简寂星真是受不了这二十来岁了还像小孩一样的盛如希,但她还是木着脸开了门。就这样顺从了盛如希还不满意,在宽敞的副驾驶翘着纤细的双腿,手臂往上微微抬起,等待着简寂星的搀扶。
忍了。
简寂星一边把手臂伸过去,一边问:“你把我当奴隶了是吧。”
“别这么说自己。”盛如希扬起下巴,手搭在简寂星的胳膊上站起来,“我身边人可多了去了,但我都不让别的alpha扶,也没让雾雾扶,就只要你扶,很重视你了。”
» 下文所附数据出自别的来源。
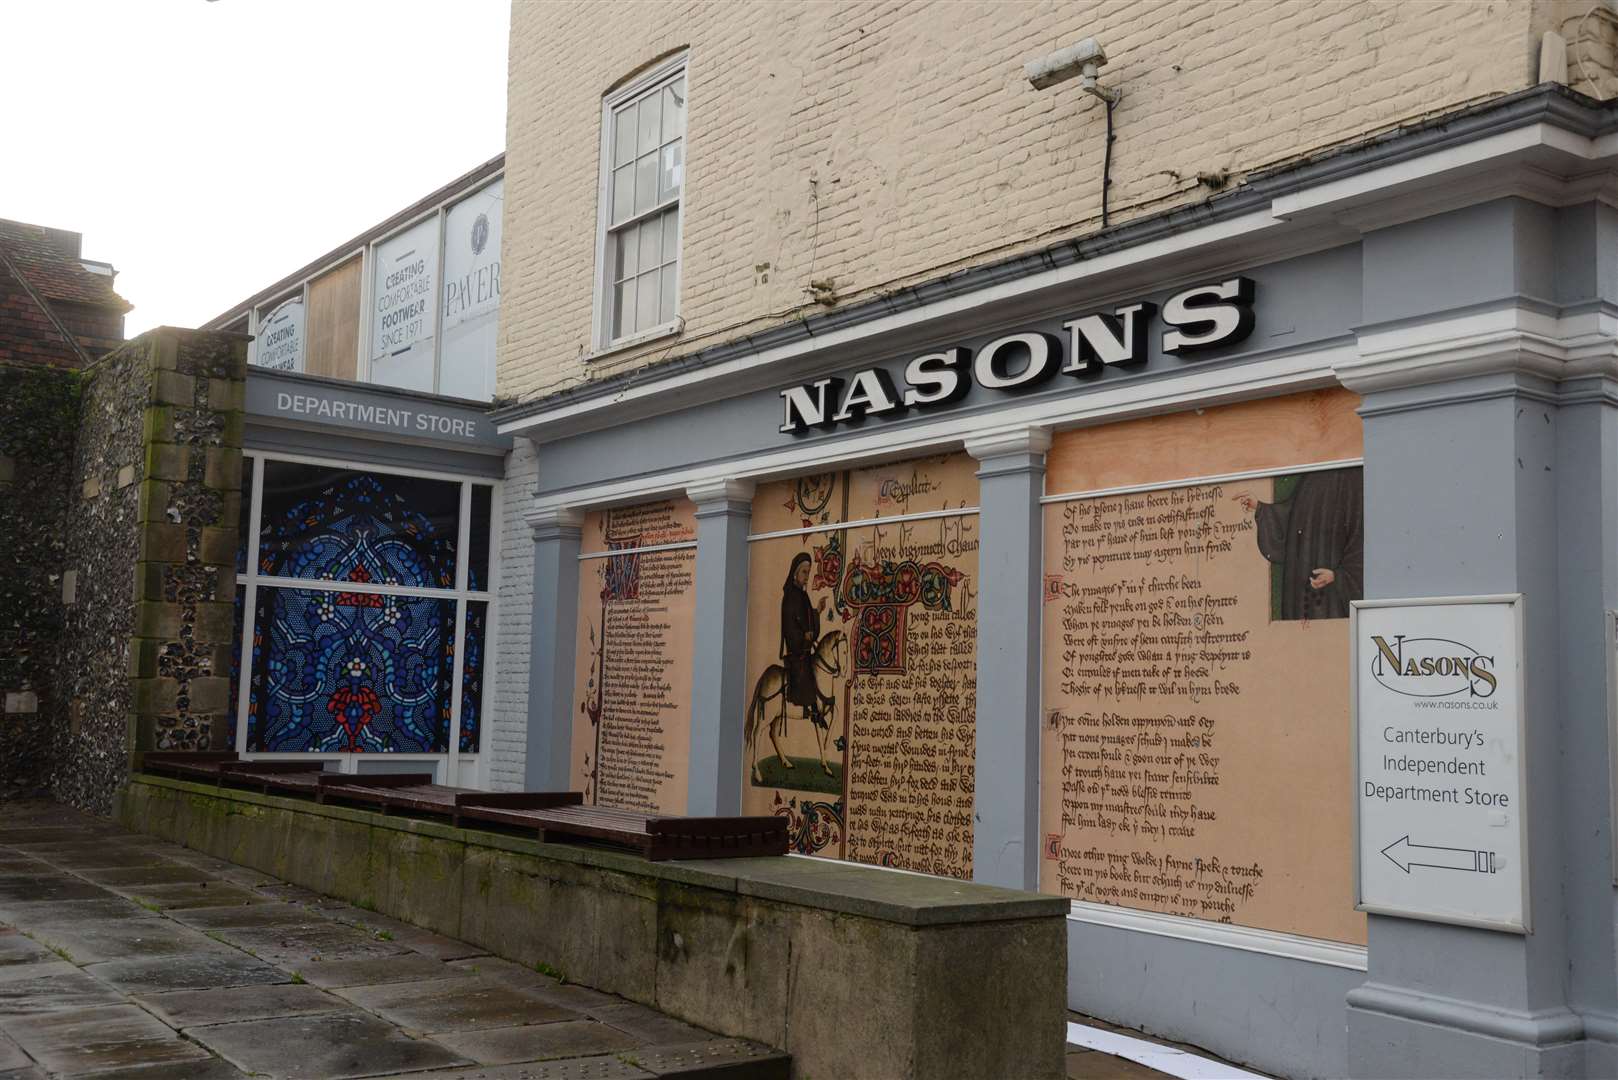 The prominent Nasons site is due to be redeveloped
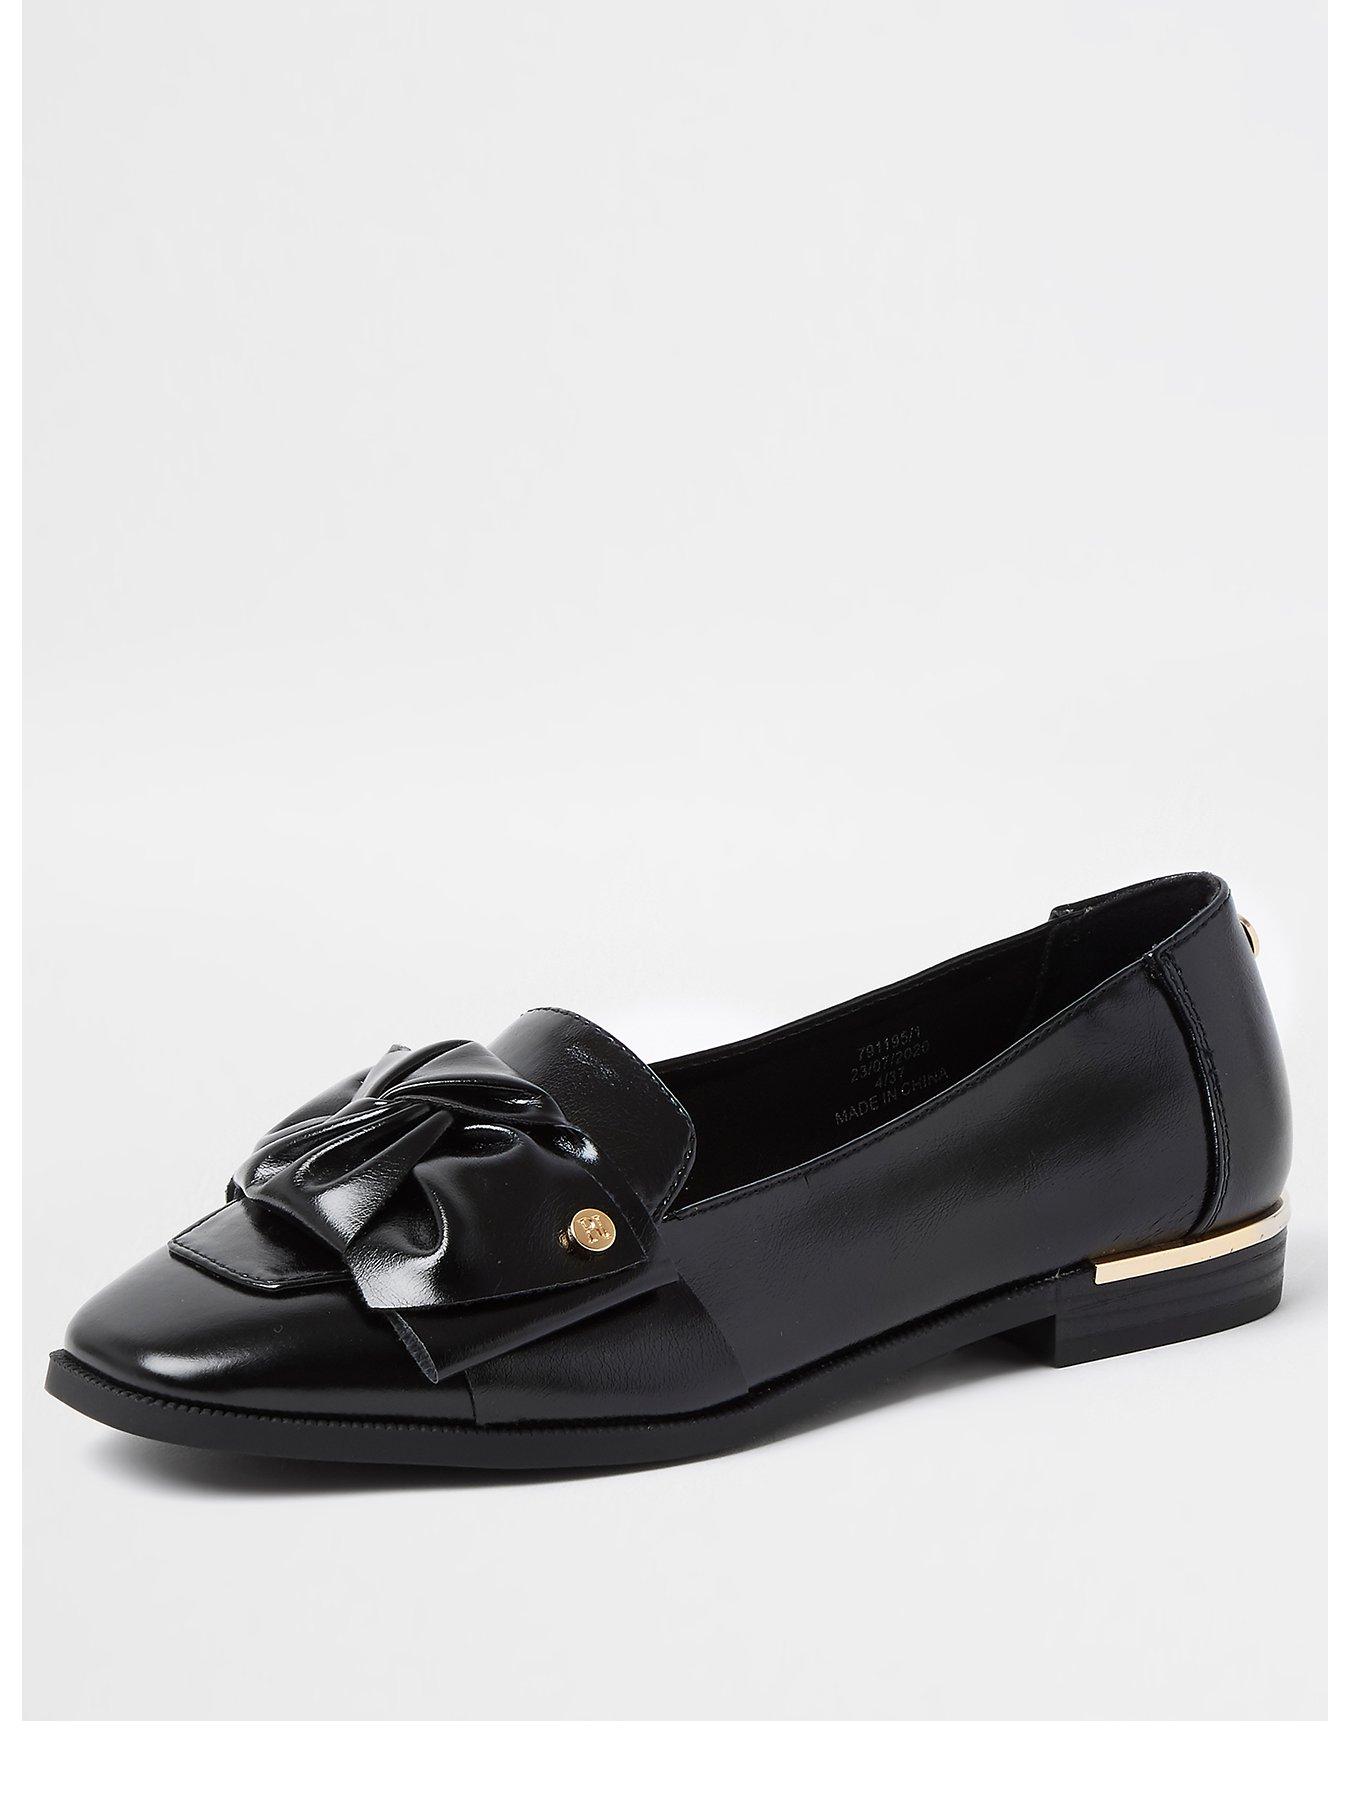 littlewoods river island shoes

诡辩能力可真是惊人。简寂星挤出几个字:“所以你就是把我一个人当奴隶。”
她提上了后备箱准备好的礼物,满满当当,在和盛如希走向家中,盛如希没忍住又问。
“你打电话还要下车啊。”
简寂星道:“是我母亲打来的电话,问我准备好怀熙的礼物没有。”
盛如希噎了一下,才埋怨说:“你怎么这时候才说,不然我也能和母亲打个招呼。”
“你又没问。”简寂星扫她一眼,“没人要求你对奴隶的母亲打招呼。”
“你能不能少胡说八道?”盛如希吓了一跳,伸手捂在简寂星的嘴,又轻拍了两下。她并未意识到这动作太过亲密,手腕上的香水味很甜,淡淡地飘进了简寂星的鼻子。
整个京市,除了这个当女儿的敢这样说简砚川,别的人还真不敢。
盛如希在长辈面前很是守礼。虽然简寂星的两位母亲早年已经分开,但两位长辈在外都很体面,也未缺少对简寂星的支持。哪怕后来又有了自己的子女,关系也一直良好。
和简寂星是死对头无疑,但不影响盛如希对简寂星的母亲们印象好。
简寂星的妹妹颜怀熙并非是有简砚川血缘的女儿,但她仍旧能在颜怀熙生日时打来电话关心,给的是前妻的面子。